What you are asked to do: Pull every line with "Style" from the material.

Recorded data:
------------

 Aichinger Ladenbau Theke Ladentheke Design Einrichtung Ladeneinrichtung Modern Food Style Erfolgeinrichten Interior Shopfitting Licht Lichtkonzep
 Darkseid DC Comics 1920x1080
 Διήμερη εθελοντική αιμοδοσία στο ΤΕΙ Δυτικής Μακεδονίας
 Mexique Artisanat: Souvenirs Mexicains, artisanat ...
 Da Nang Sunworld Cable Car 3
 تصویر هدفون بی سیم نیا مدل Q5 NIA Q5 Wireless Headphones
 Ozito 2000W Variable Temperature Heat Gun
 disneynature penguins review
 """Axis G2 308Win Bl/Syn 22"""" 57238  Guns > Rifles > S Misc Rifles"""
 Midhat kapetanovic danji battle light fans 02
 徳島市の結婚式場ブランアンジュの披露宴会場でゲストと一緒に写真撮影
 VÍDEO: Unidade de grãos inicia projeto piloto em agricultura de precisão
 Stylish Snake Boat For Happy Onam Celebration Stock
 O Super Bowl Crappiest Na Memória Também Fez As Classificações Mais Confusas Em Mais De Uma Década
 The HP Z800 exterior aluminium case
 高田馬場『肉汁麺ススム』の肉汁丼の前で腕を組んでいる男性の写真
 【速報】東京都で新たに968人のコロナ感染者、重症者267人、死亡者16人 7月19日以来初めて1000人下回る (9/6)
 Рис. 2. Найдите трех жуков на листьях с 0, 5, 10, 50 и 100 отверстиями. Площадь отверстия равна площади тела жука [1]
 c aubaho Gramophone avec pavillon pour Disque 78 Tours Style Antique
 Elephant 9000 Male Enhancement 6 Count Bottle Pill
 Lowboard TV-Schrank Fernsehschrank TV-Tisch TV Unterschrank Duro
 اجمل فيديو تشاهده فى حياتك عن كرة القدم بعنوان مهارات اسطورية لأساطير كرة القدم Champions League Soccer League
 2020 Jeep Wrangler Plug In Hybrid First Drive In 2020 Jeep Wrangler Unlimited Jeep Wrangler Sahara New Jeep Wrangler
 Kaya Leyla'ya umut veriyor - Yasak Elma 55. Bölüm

------------

Answer space:
 Aichinger Ladenbau Theke Ladentheke Design Einrichtung Ladeneinrichtung Modern Food Style Erfolgeinrichten Interior Shopfitting Licht Lichtkonzep
 c aubaho Gramophone avec pavillon pour Disque 78 Tours Style Antique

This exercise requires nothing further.